Moreover, there are some evidences suggesting that both types of exercise (treadmill and voluntary) attenuate self-administration of cocaine (33), morphine (41), amphetamine (44), and alcohol (45) in laboratory rodents. These results support the hypothesis that exercise is an effective intervention in ensuring drug abuse prevention and treatment programs. Some studies have reported that the elevated amount of endorphin is directly associated with exercise intensity while other studies provided no evidence for this association (23).
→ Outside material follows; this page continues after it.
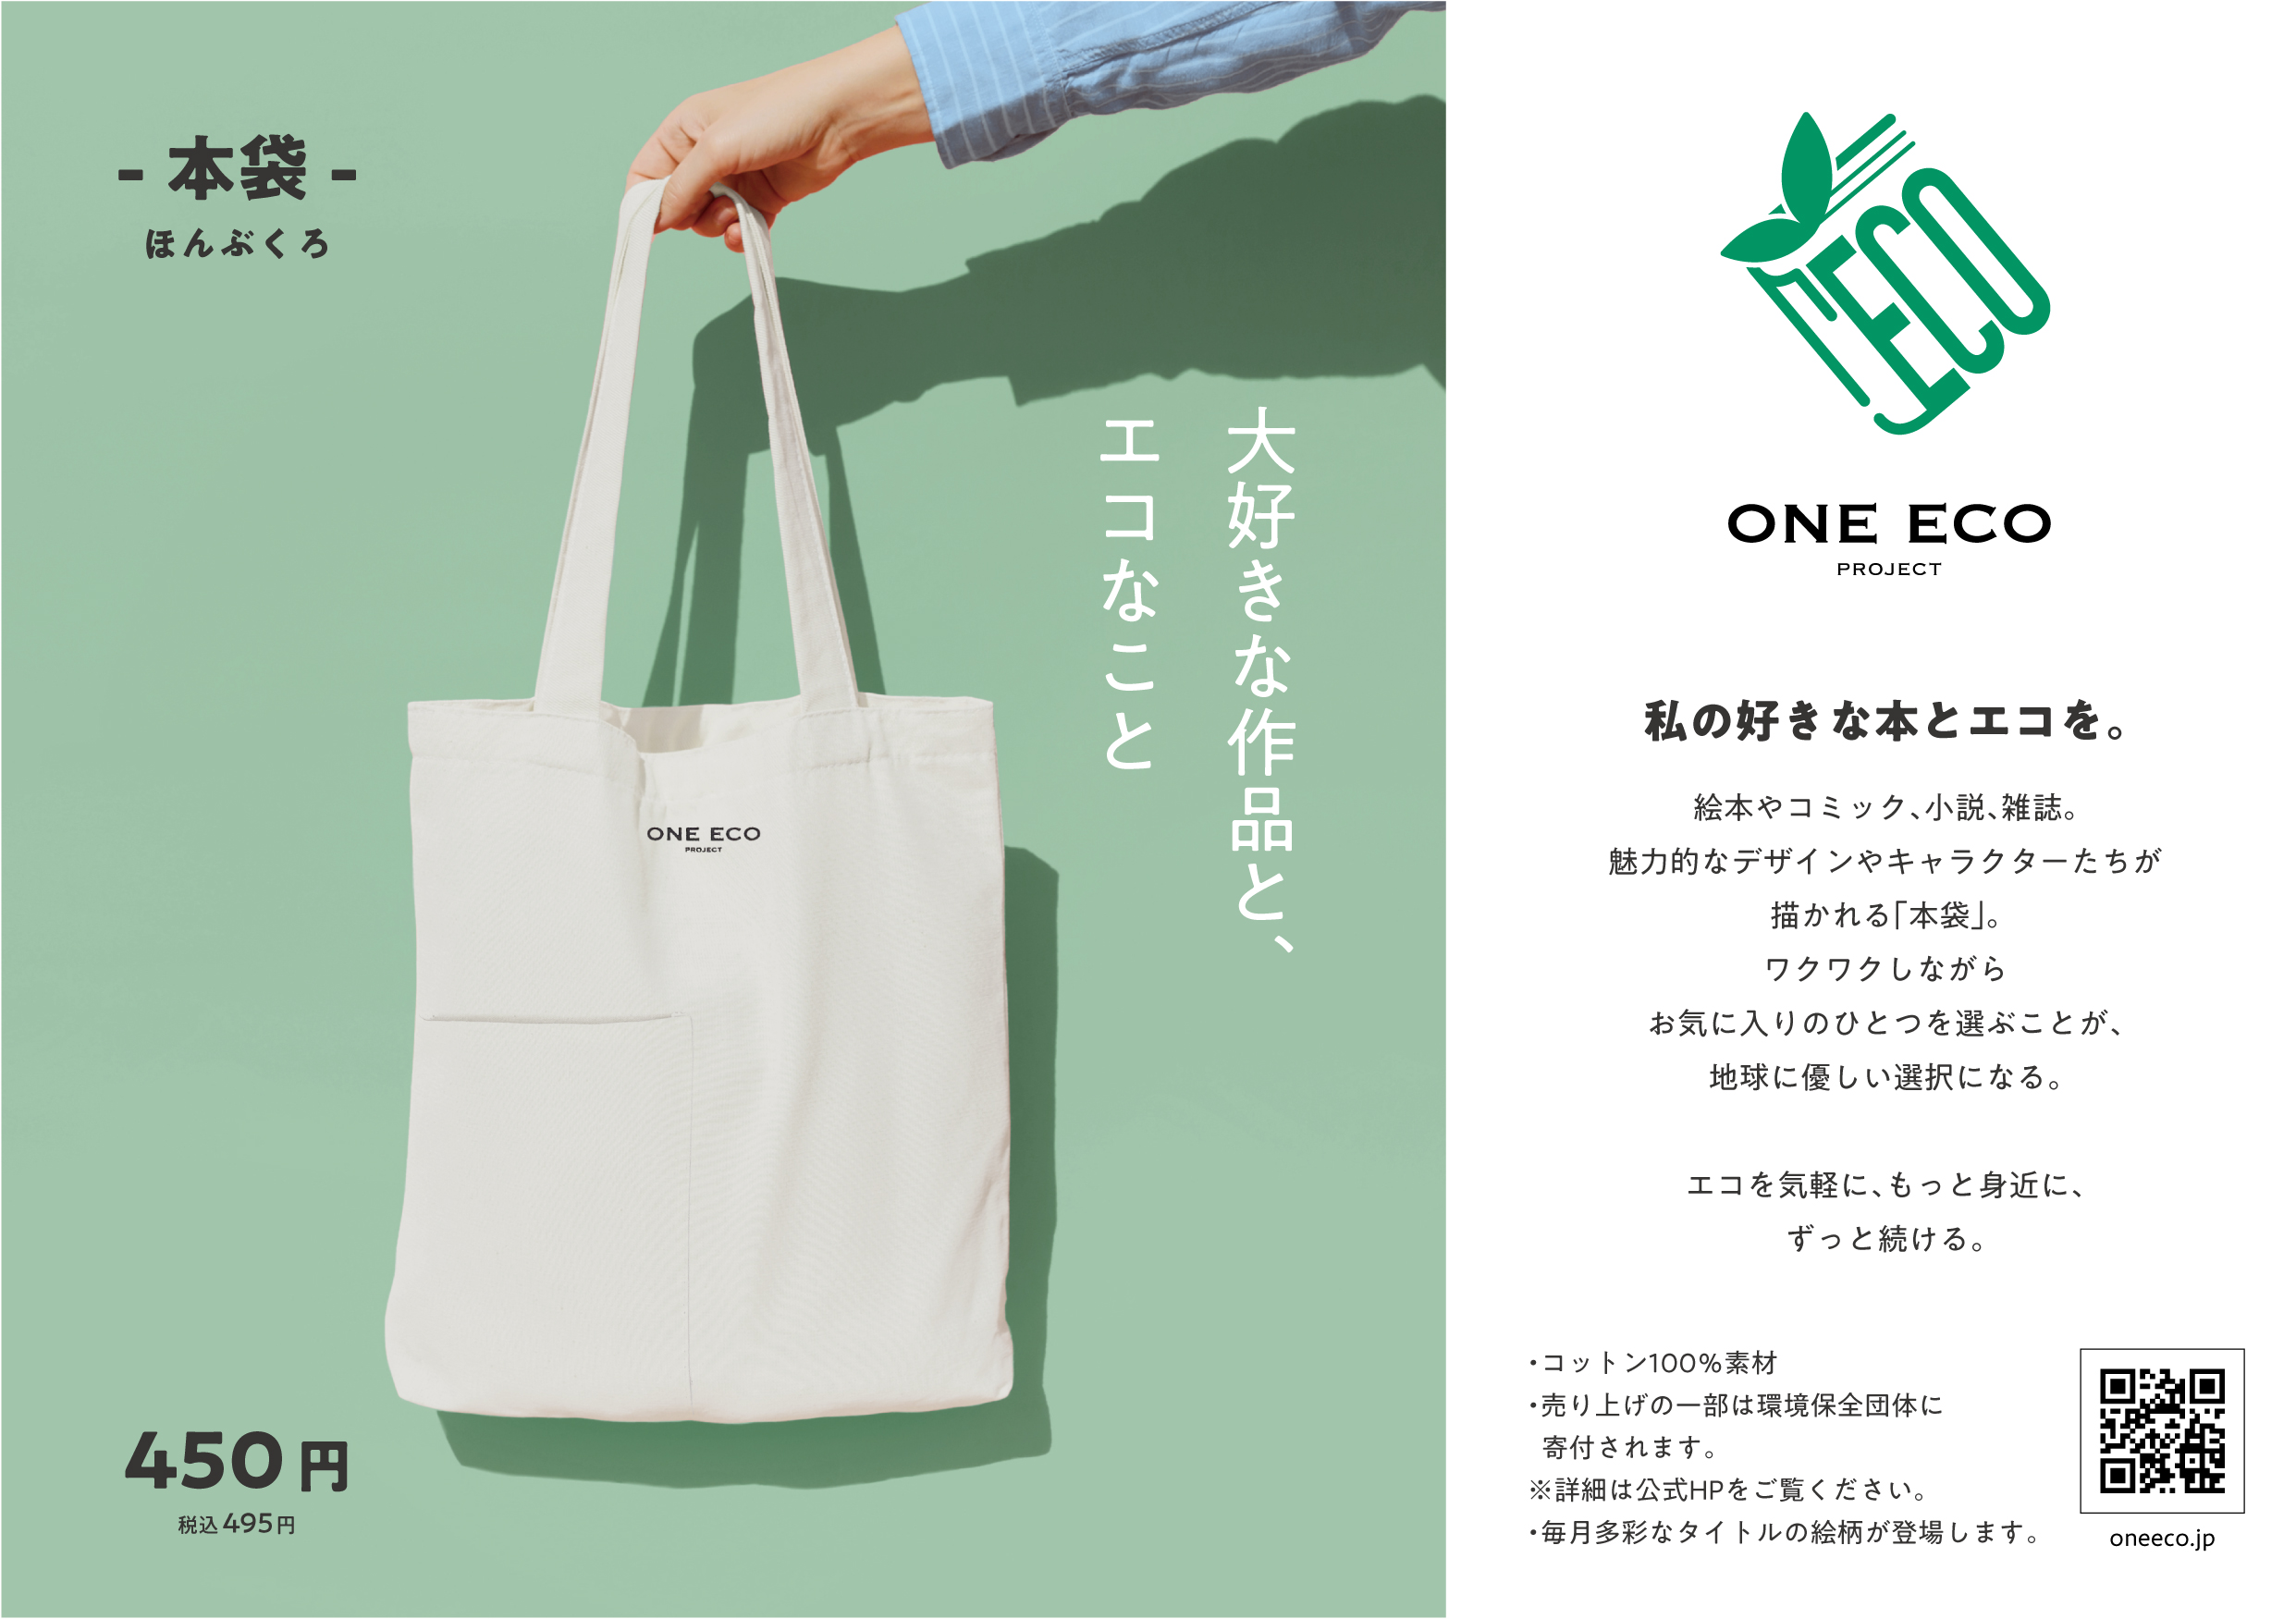 エコをより身近なものに 出版業界から発信する One Eco Project 第一弾プロダクト 本袋 販売開始 日本出版販売株式会社のプレスリリース

Previous findings have suggested that short-term compulsory exercise can increase dependence symptoms after naloxone injection and decrease dependence symptoms in addicted animals (4). The results of this study indicated that morphine tendency in rats of the compulsory exercise group was significantly less than those of the morphine group. No significant difference was found between the compulsory and voluntary exercise groups with regards to morphine tendency (P < 0.05). In other words, compulsory exercise can significantly reduce psychological dependence to morphine but this difference was not significant in the voluntary exercise.
Given the clinical observations and the amount of rats’ death after morphine injection in the conditioning stage, the rats’ physical resistance against morphine injection dose in the voluntary exercise group was more than that of the compulsory exercise group. The rats’ physical resistance against the morphine injection dose was also more in the compulsory exercise group as compared with that of the morphine group. Despite these promising findings, some limitations to the study should be acknowledged. First, our sample was composed of only male rats with the least possible number of rats due to ethical considerations. Second, during the experiment, morphine administration to rats resulted in both rapid and delayed deaths in 6 rats. These elements may influence our results. Further studies should include a bigger sample including female rats, because female rats are more likely to run. It is suggested that future studies with a closer outlook at this field, try to conduct the same experiments at night, since rats are more active at night and there is less danger. In general, our findings suggest that exercise reduces psychological dependence to morphine, thus it is an appropriate procedure for addiction prevention and also complete other treatment programs as a natural reward system.